On est chez elle, à Escaudain, entre tasses fumantes et canapé confortable. Timide, touchante, sa maman nous propose des pâtisseries, assure que non elle n’a jamais rien fait de particulier. Ses deux filles sont nées comme ça, fortes en tout. « Particulièrement Jade, qui a aimé être bonne élève dès la maternelle. » D’ailleurs son bulletin flashe des  «excellent » à chaque ligne et se conclut par un nouveau record : une moyenne à 19,02. Le bac blanc ? Un 20 en maths, un 17 en SVT... et un petit stress d’avoir raté. Jade telle qu’en elle même, donc.
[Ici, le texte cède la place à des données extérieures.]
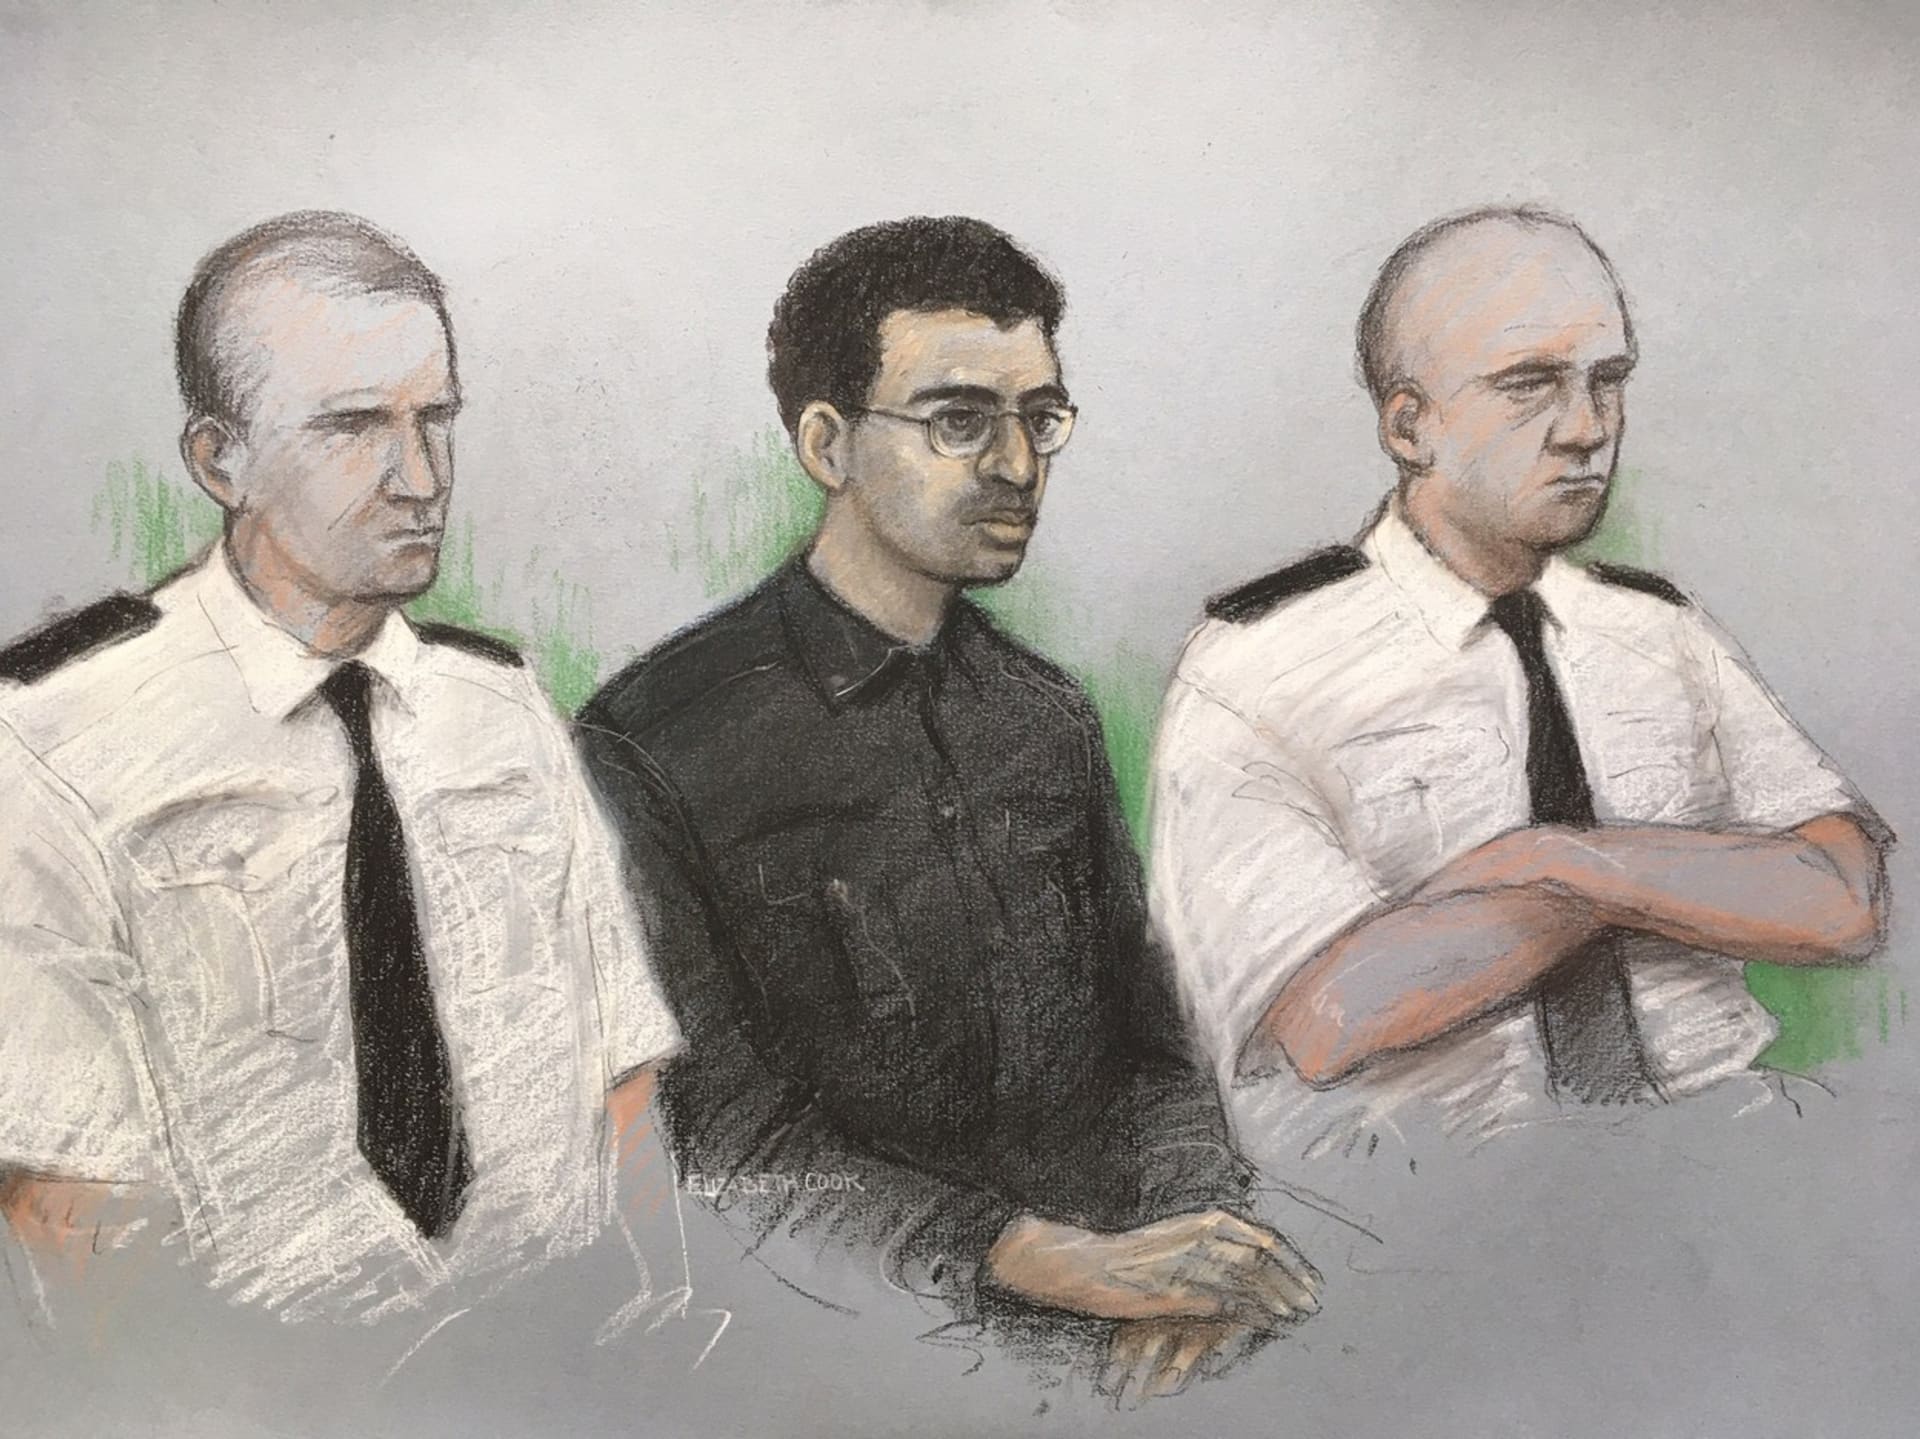 Skica ze soudního jednání v Londýně, autorka Elizabeth Cooková ztvárnila Hashema Abediho, bratra sebevražedného atentátníka, mezi dvěma policisty.

Avec ses doutes, son sourire et son incroyable volonté d’élève qui n’a jamais connu la honte d’une mauvaise note. Sauf qu’il y a comme une petite nervosité dans l’air : « Il y a eu beaucoup de changements ! », confirme-t-elle. Poussée par son prof de philo -« J’y aurais jamais pensé, j’avais même visité l’internat de Douai » - elle a demandé à entrer en prépa littéraire à Henri IV, le célèbre lycée parisien, au top du classement national. Un choix qui change les perspectives, qui réoriente les possibles. Paris, l’élite, le rythme de la prépa. « Je serais en internat... Moi qui suis boursière, j’avais peur que ce soit bourge mais le copain d’une amie de la danse m’a assuré que non, qu’ils accueillaient tout le monde.» Sa mère l’écoute avec un sourire crispé: sa fille de 17 ans loin, toute seule... : « La prépa est aussi encadrée qu’un lycée, il y a des limites de sortie, des études obligatoires et puis deux ans dans une vie c’est pas grand-chose. Enfin, je dis ça mais j’ai très peur! Et puis, je ne suis pas encore prise. »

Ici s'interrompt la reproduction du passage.